Some stepping stones might head in one direction before doubling back. Others might loop into paths you have taken before. Sometimes a stepping stone might look like a dead end, only for the fog to later clear and reveal that it leads to stepping stones that were previously out of reach. You never know where a stepping stone might lead.
Another way to look at ambitious problems is to say that their solutions are more than one stepping stone away. (Stanley, Lehman, 2015)
If we try to cross this lake by following only the stepping stones that lead toward our objective, we’ll soon get stuck. But what if we let go of our objectives? What if we focused on trying to find new stepping stones instead? This is novelty search. Instead of looking for something specific, you look for something new.
Novelty search isn’t just random, it’s chance plus memory. Together, these ingredients do something interesting.
Because eventually you have to acquire some kind of knowledge to continue to produce novelty, it means that novelty search is a kind of information accumulator about the world in which it takes place. The longer the search progresses, the more information about the world it ends up accumulating. And of course information and complexity go hand in hand—more complex behaviors require more information.
(Stanley, Lehman, 2015. Why Greatness Cannot Be Planned)
In fact, evolution itself is a kind of non-objective search, in the same family of algorithms as novelty search.
…nature is a stepping stone collector, accumulating steps towards ever-more complicated novelties, marching onward onto the mist-cloaked lake of possible-life-forms, heading eternally both everywhere and nowhere in particular. That’s the signature, now increasingly familiar, of processes that produce amazing innovations.
(Stanley, Lehman, 2015. Why Greatness Cannot Be Planned)
Stepping stones are also combinatorial.

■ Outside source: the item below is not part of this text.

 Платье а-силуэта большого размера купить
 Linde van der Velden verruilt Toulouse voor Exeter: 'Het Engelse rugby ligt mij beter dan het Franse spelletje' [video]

Each new stepping stone we discover expands our potential to find even more stepping stones. Collecting stepping stones is a luck maximization algorithm. By collecting and combining stepping stones, we might arrive at our destination by accident, or somewhere more interesting!
Collecting stepping stones isn’t like pursuing an objective because the stepping stones… don’t lead to somewhere in particular. Rather, they are the road to everywhere. To arrive somewhere remarkable, we must be willing to hold many paths open without knowing where they might lead.

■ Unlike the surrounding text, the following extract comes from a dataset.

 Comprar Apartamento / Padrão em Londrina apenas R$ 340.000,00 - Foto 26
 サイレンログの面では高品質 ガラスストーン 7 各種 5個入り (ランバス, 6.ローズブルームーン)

(Stanley, Lehman, 2015. Why Greatness Cannot Be Planned, ch 4.)
What if we reimagine note-taking through this lens? Every note you take is a stepping stone, expanding your combinatorial space of possibility.
From this point of view, Subconscious is about building a stepping stone collector. Geists, search-or-create, backlinks… every feature we are building toward is aimed at collecting and combing stepping stones to generate yet more stepping stones. A serendipity engine.

In other news…
Programmable notes: Maggie Appleton explores the idea of notes-as-software. It touches on Subconscious, as well as many other threads we’ve pulled on here, including SCAMPER and Oblique Strategies. It’s great!
Subconscious Alpha 0.0.3 is rolling out with fixes to focus management, animations, and markup rendering. Thanks for the helpful bug reports! “I’ve got to admit it’s getting better, a little better all the time.”
ObservableStore 0.1.0 (new open source release). We’ve been developing this little Elm-like store as the backbone for Subconscious. This release includes new features, refactors, and improvements, based on what we’ve been learning from using it in what is becoming a nontrivial codebase. The new helpers for composing update functions are getting a workout in our code.